Archive for October 16th, 2010

During the height of 80’s excess Oliver Stone made his most iconic if not his best movie (I can never decide if that honour belongs to Salvador or Platoon). The movie featured his most iconic and (mis)quotable character Gordon Gekko, played by Michael Douglas who won an Oscar for his performance. With the economic world in crisis it comes as no surprise that Stone should revisit Gekko at this time.
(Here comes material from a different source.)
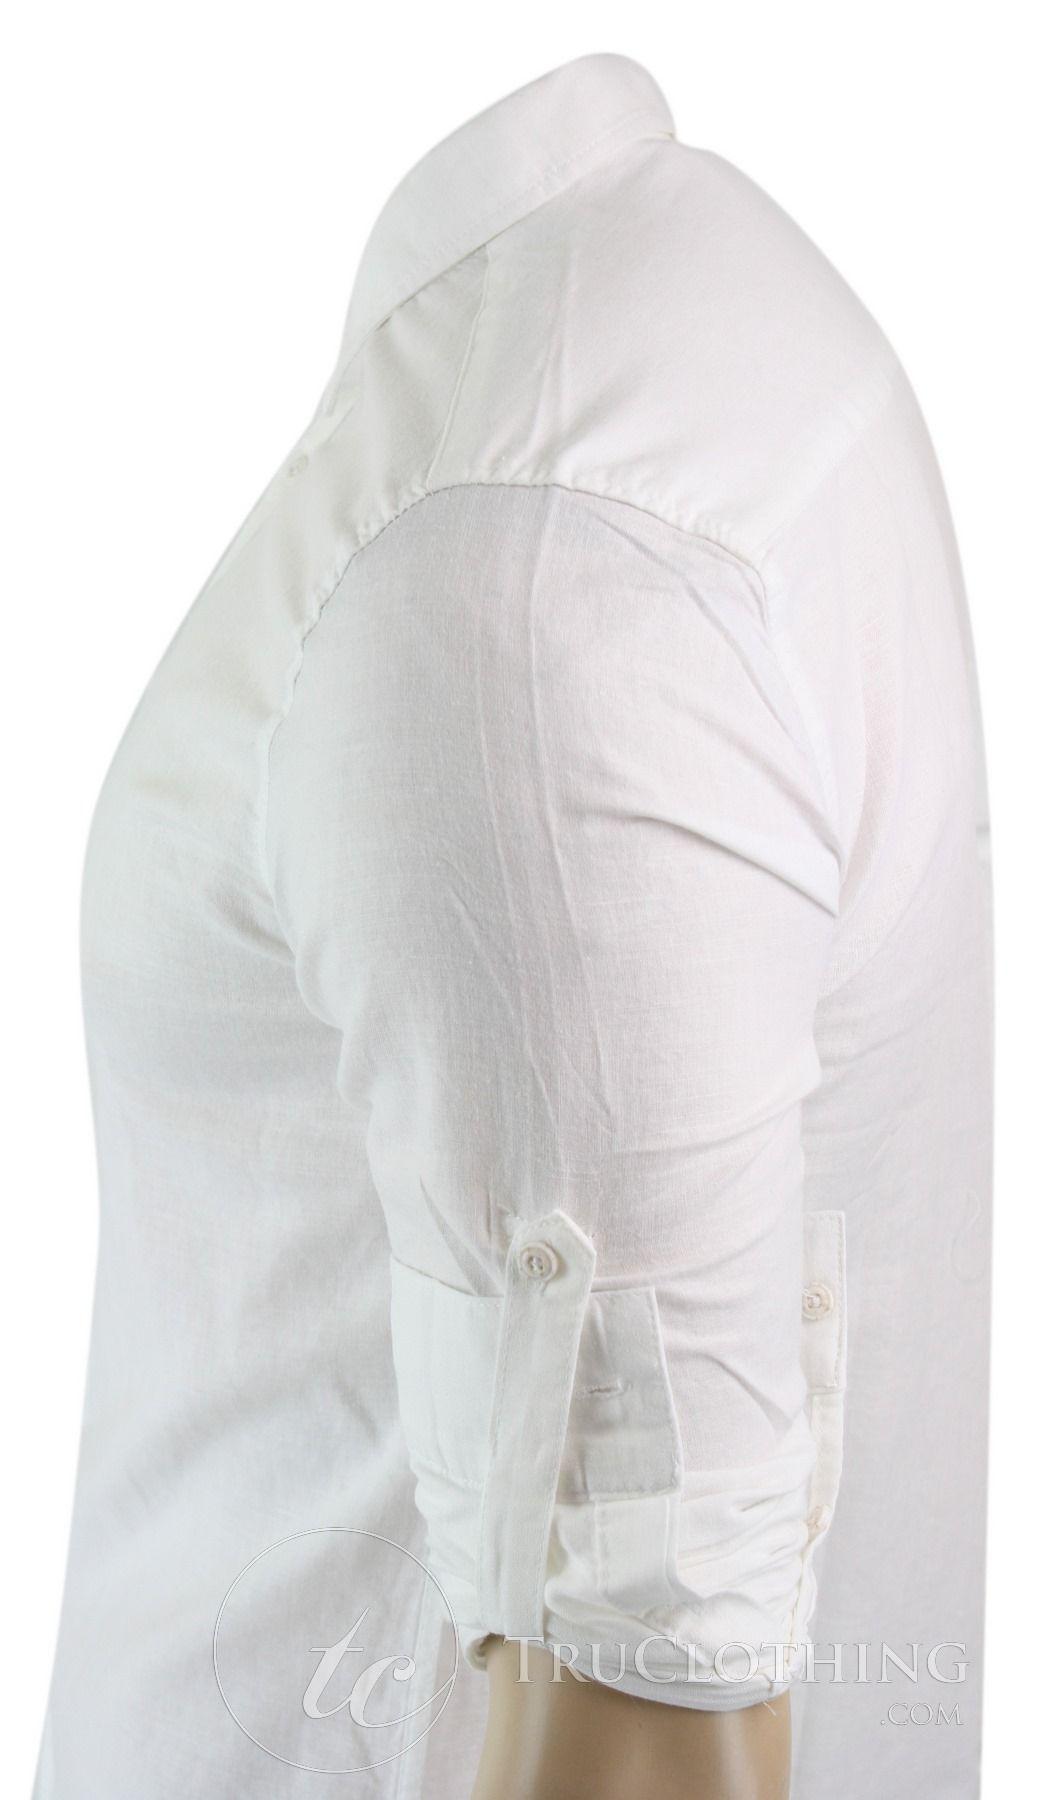 Mens Button Shirt Tie Cuff Link /& Hankie White Black Trim Silver Shiny Design

The movie starts with a Blues Brothers style release from prison in 2001 where Gordon Gekko (Michael Douglas) is given his possessions back including a house-brick size mobile Phone, remember them? Not letting the facts interfere with a good joke the phone looks like it predates his 1990’s incarceration. We quickly fast forward seven years to investment banker, Jake Moore (Shia LaBeouf) and his girlfriend, Winnie (Carey Mulligan) who we quickly discover is Gekko’s daughter. The rest of the movie is set against the backdrop of the sub-prime mortgage crisis and the subsequent credit crunch and near financial apocalypse. Given his track record with the Kennedy assassination, the Vietnam war, and 9/11 it was inevitable that Oliver Stone would make a credit crunch movie. To do this he needed a young leading man at the centre of the story and there lies the problem, the character is fine but the actor is a problem! Shia LaBeouf is a week actor who is constantly in the shadow of his co-stars. The director really didn’t give the kid a chance, where he may be a thespian in the company Megan Fox and some animated robots, here his girlfriend is played by Oscar nominated Carey Mulligan, his mentor by Oscar nominated Frank Langella, his new boss by Oscar nominated Josh Brolin and that’s before we even get to Oscar winner Michael Douglas as Gekko and Oscar winner Susan Sarandon playing his mother. Fortunately for LaBeouf but unfortunately for the movie it s a long time before we see Gekko again. The idea is fine, lets not forget Bud Fox (Charlie Sheen) was the main character in the first movie. If only they had found a more charismatic and talented star.

Elements of the movie are close to brilliant; the boardroom scenes (event the ones featuring LaBeouf) are great as is the filming of the motorbike race, but the great bits are too short and too few ad far between thus lost amongst the very average rest of the movie. Ultimately I just don’t get this movie; the original was a scathing look at the excess of the cynical quick-buck culture of the 80s with Douglas’ Gordon Gekko as the figurehead of the evil ideals. In this movie it appears Stone is giving his most famous character a shot at redemption. As an explanation of the global financial crisis the movie has nothing new to say. As a character study it has even less to say. As a drama, it works well other than the inadequacies of the leading man.

Not a great movie but an enjoyable one at times especially when Douglas, Brolin or Sarandon is on screen.